***** DATA FOR THIS TASK

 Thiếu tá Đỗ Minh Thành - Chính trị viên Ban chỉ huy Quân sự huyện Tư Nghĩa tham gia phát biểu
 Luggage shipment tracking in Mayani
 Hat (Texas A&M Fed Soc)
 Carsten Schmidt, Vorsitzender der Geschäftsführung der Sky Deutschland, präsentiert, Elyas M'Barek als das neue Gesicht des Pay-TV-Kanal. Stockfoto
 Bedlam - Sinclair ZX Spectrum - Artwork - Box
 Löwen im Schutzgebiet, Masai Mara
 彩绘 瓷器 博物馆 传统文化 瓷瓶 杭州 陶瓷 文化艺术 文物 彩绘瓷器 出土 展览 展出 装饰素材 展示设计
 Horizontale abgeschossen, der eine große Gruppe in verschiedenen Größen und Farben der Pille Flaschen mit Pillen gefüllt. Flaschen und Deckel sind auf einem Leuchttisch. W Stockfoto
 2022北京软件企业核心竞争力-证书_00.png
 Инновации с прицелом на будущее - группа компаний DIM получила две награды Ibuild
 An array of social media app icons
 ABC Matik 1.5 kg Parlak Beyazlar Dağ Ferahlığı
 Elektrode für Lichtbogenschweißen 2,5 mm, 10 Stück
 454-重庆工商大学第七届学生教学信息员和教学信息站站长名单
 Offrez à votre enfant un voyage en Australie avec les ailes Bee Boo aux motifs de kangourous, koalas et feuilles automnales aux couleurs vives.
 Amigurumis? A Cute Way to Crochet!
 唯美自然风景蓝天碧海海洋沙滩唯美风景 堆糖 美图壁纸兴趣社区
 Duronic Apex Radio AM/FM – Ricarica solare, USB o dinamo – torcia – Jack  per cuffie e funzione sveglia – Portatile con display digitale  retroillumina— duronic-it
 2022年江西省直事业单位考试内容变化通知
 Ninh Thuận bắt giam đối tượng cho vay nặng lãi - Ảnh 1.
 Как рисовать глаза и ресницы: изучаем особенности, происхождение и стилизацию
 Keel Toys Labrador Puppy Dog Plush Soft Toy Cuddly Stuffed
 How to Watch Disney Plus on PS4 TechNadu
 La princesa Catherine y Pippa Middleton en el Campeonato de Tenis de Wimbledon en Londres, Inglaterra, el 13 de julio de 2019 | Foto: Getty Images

**********

» AIM OF THE EXERCISE
In the listing above, find the line that contains "Keel Toys Labrador". Write it out exactly, along with each line after it up to and including the last.

» RESPONSE BELOW
 Keel Toys Labrador Puppy Dog Plush Soft Toy Cuddly Stuffed
 How to Watch Disney Plus on PS4 TechNadu
 La princesa Catherine y Pippa Middleton en el Campeonato de Tenis de Wimbledon en Londres, Inglaterra, el 13 de julio de 2019 | Foto: Getty Images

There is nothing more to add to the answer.